- **Task goal**: Transcribe each line below verbatim; pictures excluded.

- **Supplied material**:

========================================================================

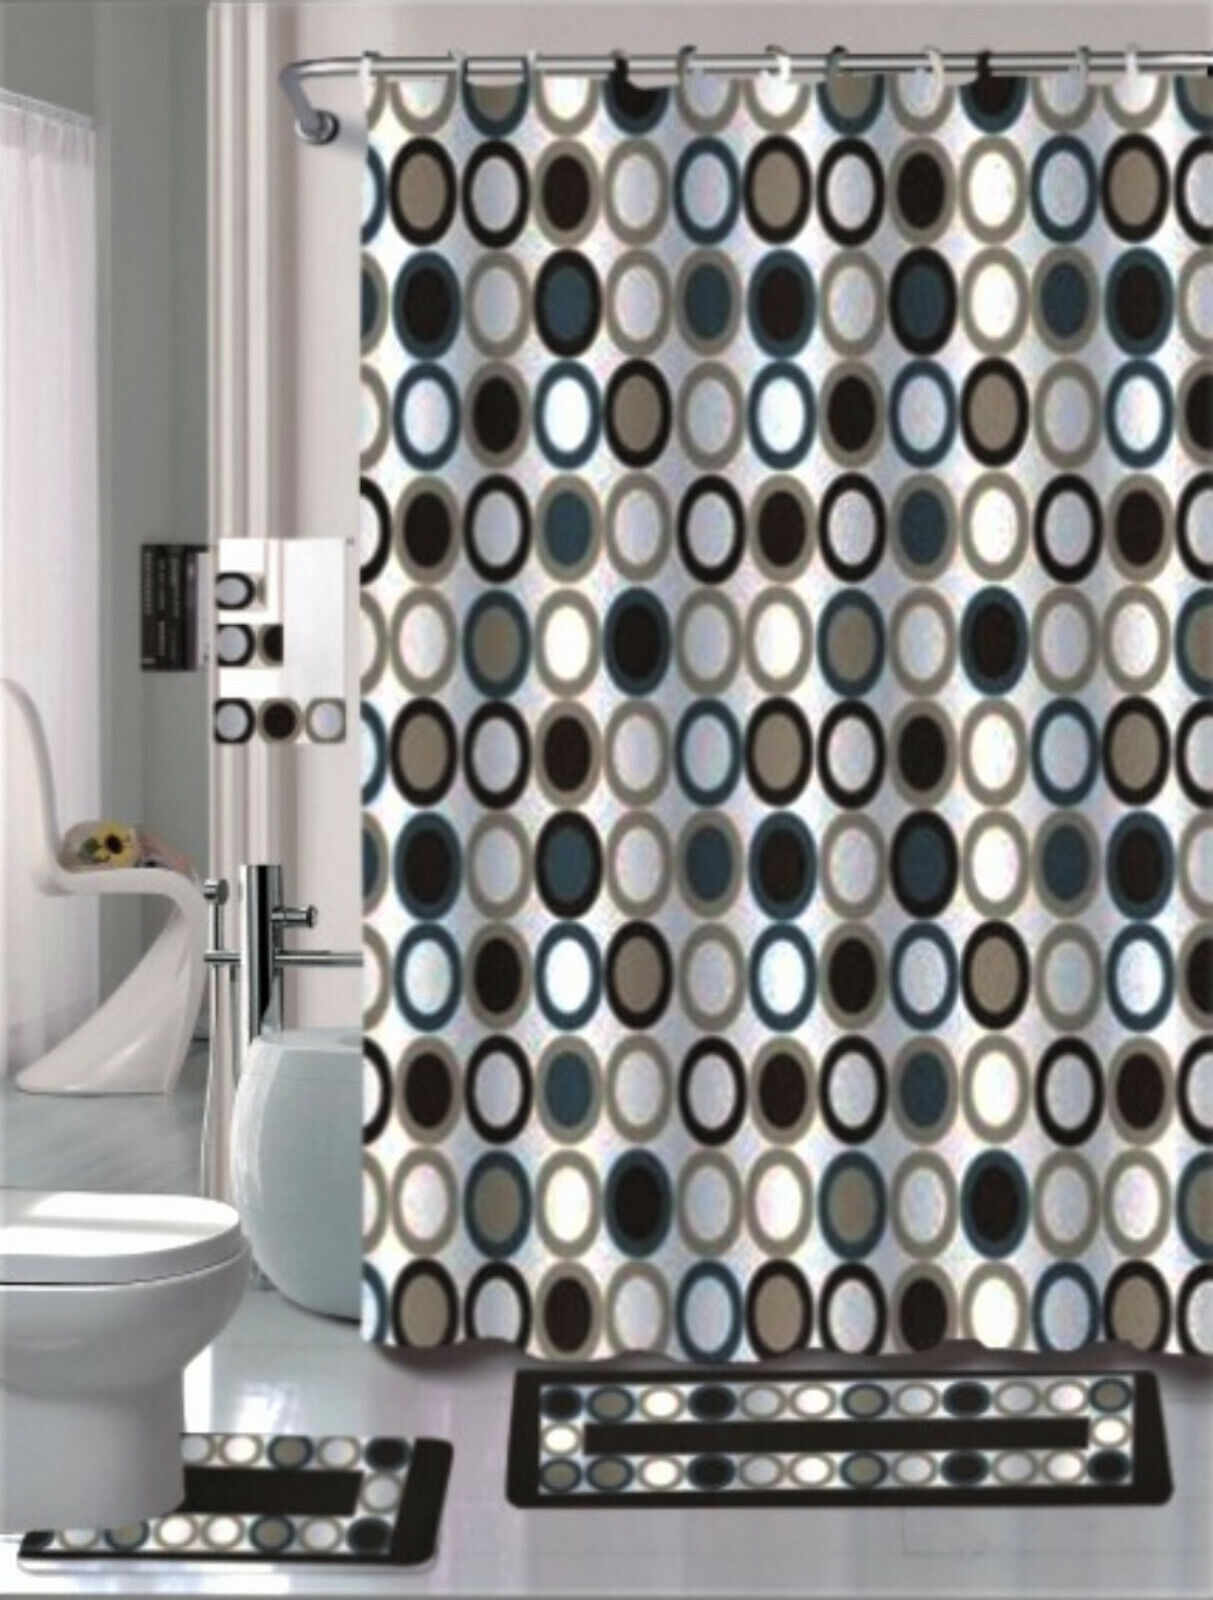 7PC Fishing Rod Reel Boat Bathroom Shower Curtain Bath Rug Towel Home Decor Set
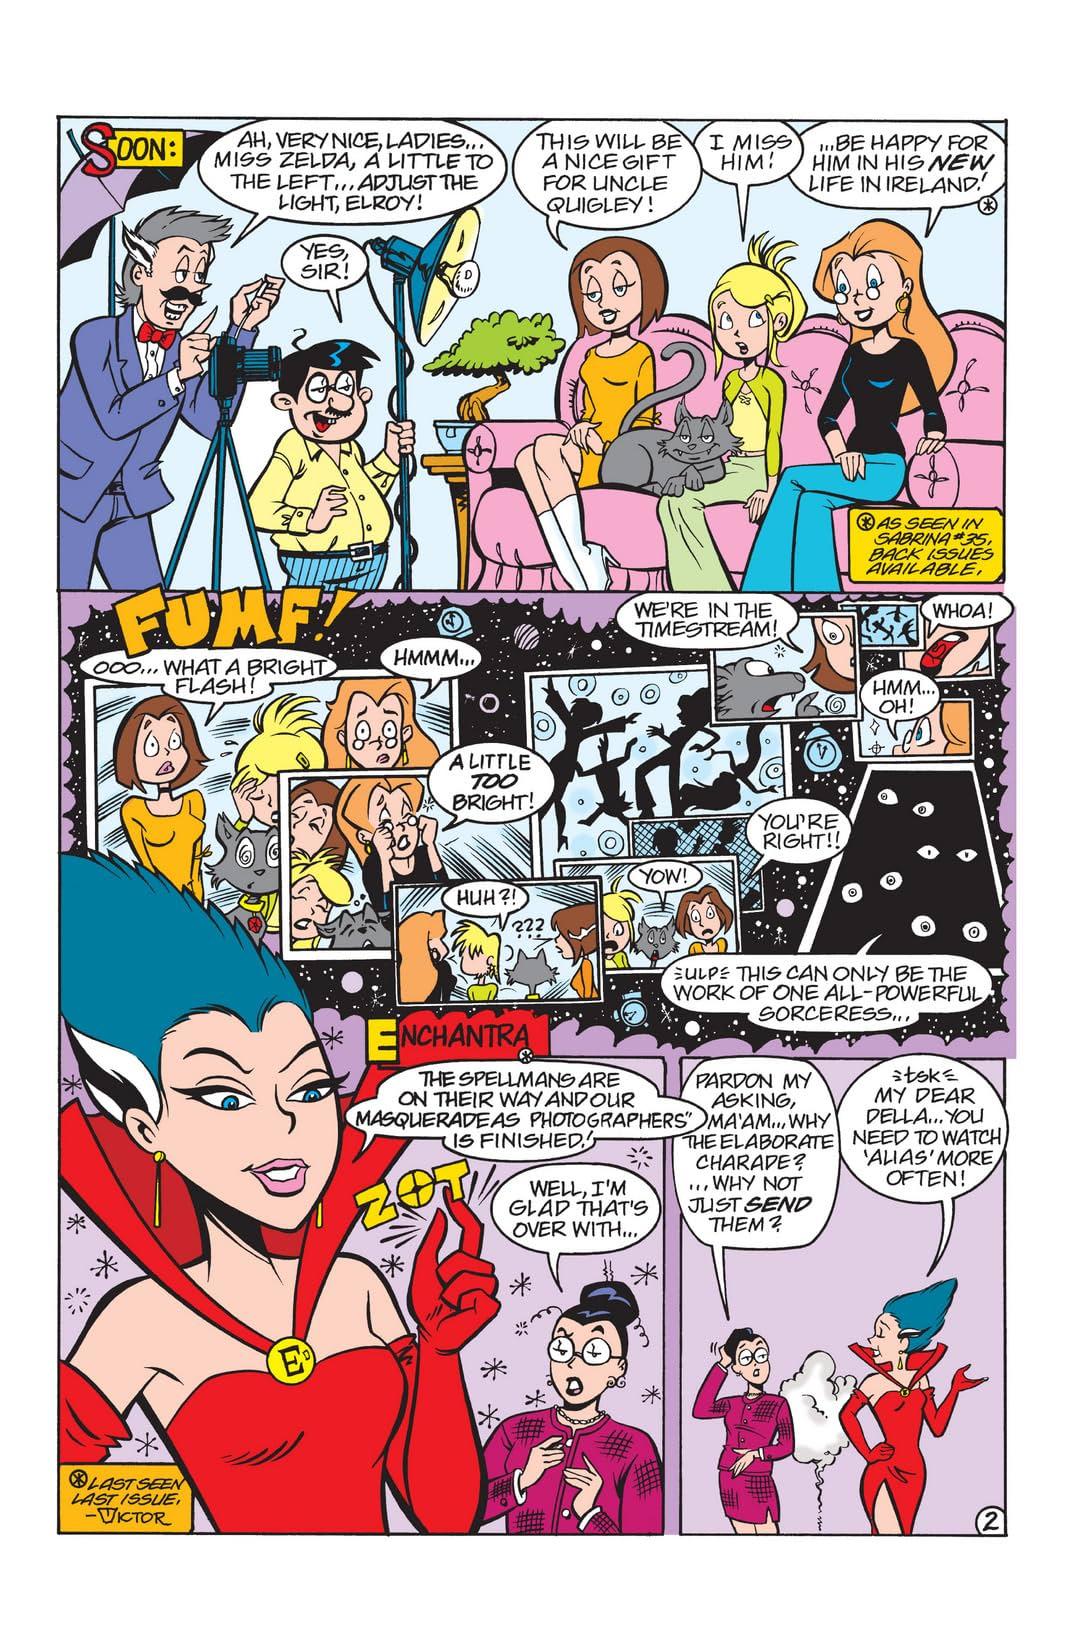 Sabrina the Teenage Witch #38
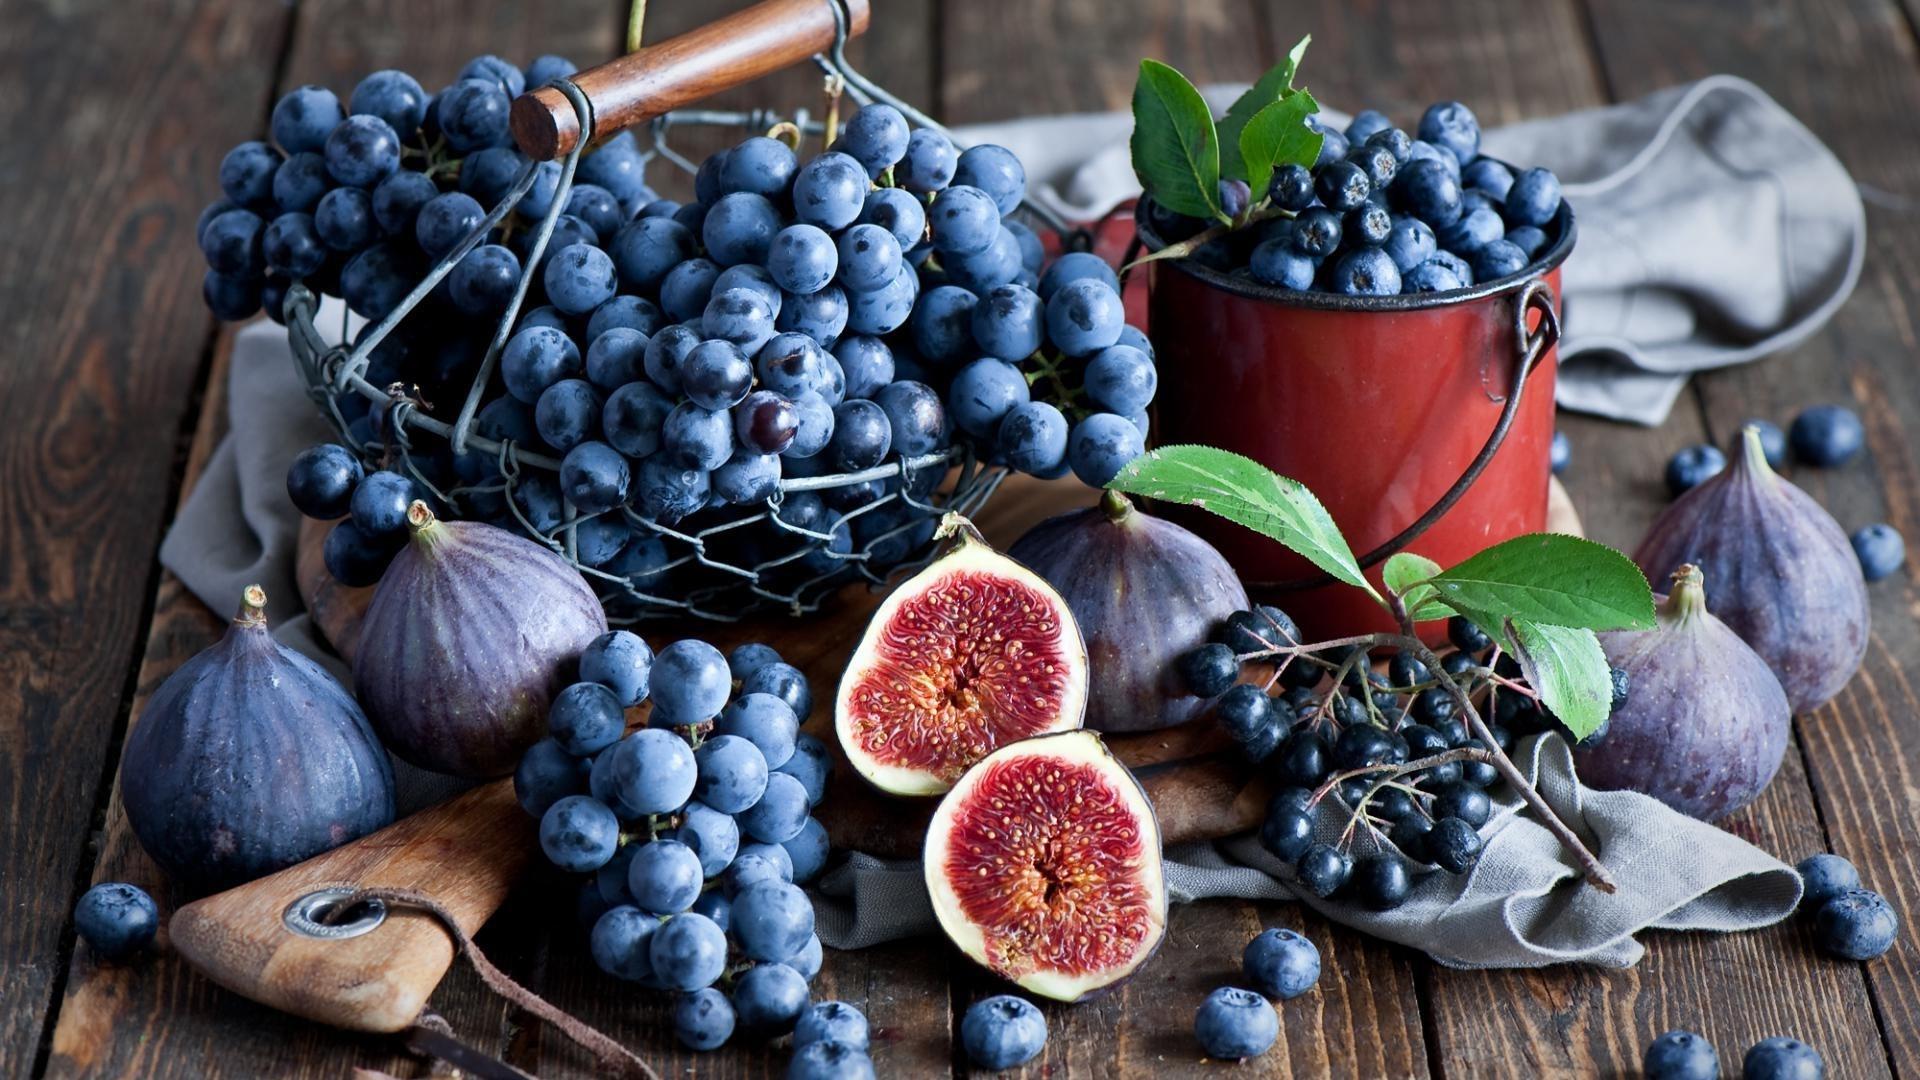 Blueberries desktop wallpaper hd

========================================================================

- **Answer to the problem**:
 7PC Fishing Rod Reel Boat Bathroom Shower Curtain Bath Rug Towel Home Decor Set
 Sabrina the Teenage Witch #38
 Blueberries desktop wallpaper hd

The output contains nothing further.